Miranda De Hostos, Juez Ponente

TEXTO COMPLETO DE LA SENTENCIA

La parte apelante, María de los Angeles Allende Romero, acude ante nos de una sentencia del Tribunal de Primera Instancia, Sala Superior de Río Grande, que declaró ha lugar la demanda de desahucio que ésta presentara y no ha lugar la reconvención que presentara la parte apelada Elba Figueroa Mendoza, et ais.

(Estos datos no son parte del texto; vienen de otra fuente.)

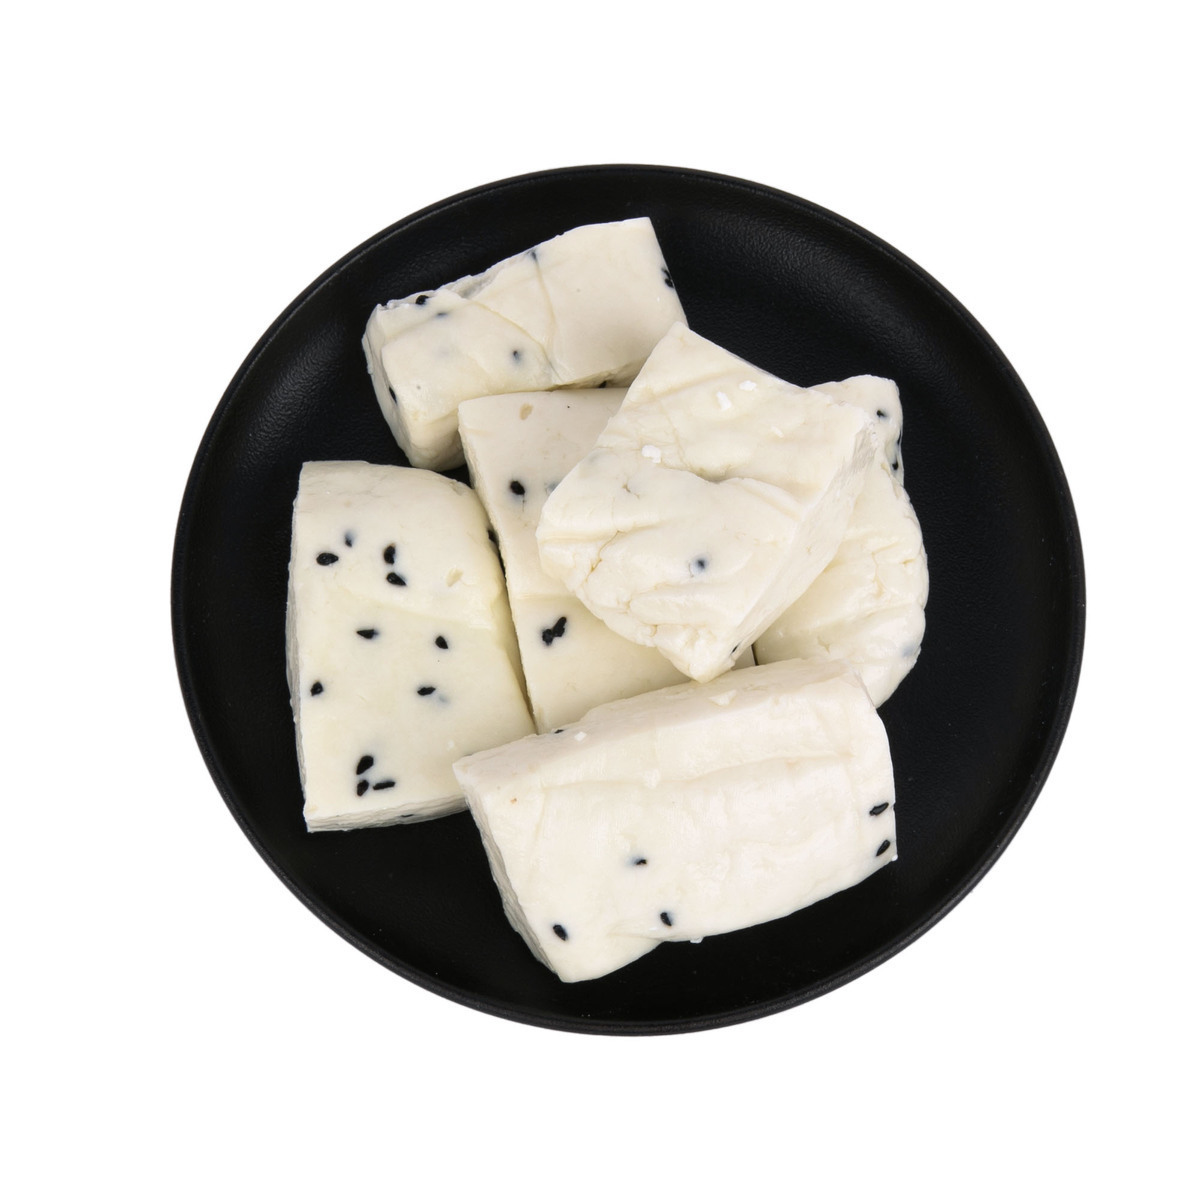 اشتري قم بشراء جبنة نابلسية مع حبة البركة 250 جم Online at Best Price من الموقع - من لولو هايبر ماركت French Cheese في الامارات

Alega, en síntesis, que erró el tribunal de instancia, primero, al resolver que la parte apelante incumplió con el contrato de opción de compra; segundo, al resolver que la parte apelada no operó el negocio desde 1990 hasta el 1994, por las actuaciones de la parte apelante despojándola de la posesión del local y concederle daños por tal actuación; tercero, al admitir preguntas sugestivas a la parte apelada durante el interrogatorio directo en la vista; cuarto, al utilizar un proyecto de sentencia sin evaluar la prueba presentada; quinto, al resolver que la Compañía de Fomento Recreativo era parte indispensable, unirla al pleito y ordenar que se suscribiera un contrato de arrendamiento; sexto, al resolver que la parte apelada tenía derecho a las mejoras realizadas y determinar su valor en $3,000.00 dólares; séptimo, al eximir a la parte apelada del pago de los cánones de arrendamiento adeudados; y octavo, al no encontrar que la parte apelada actuó con temeridad.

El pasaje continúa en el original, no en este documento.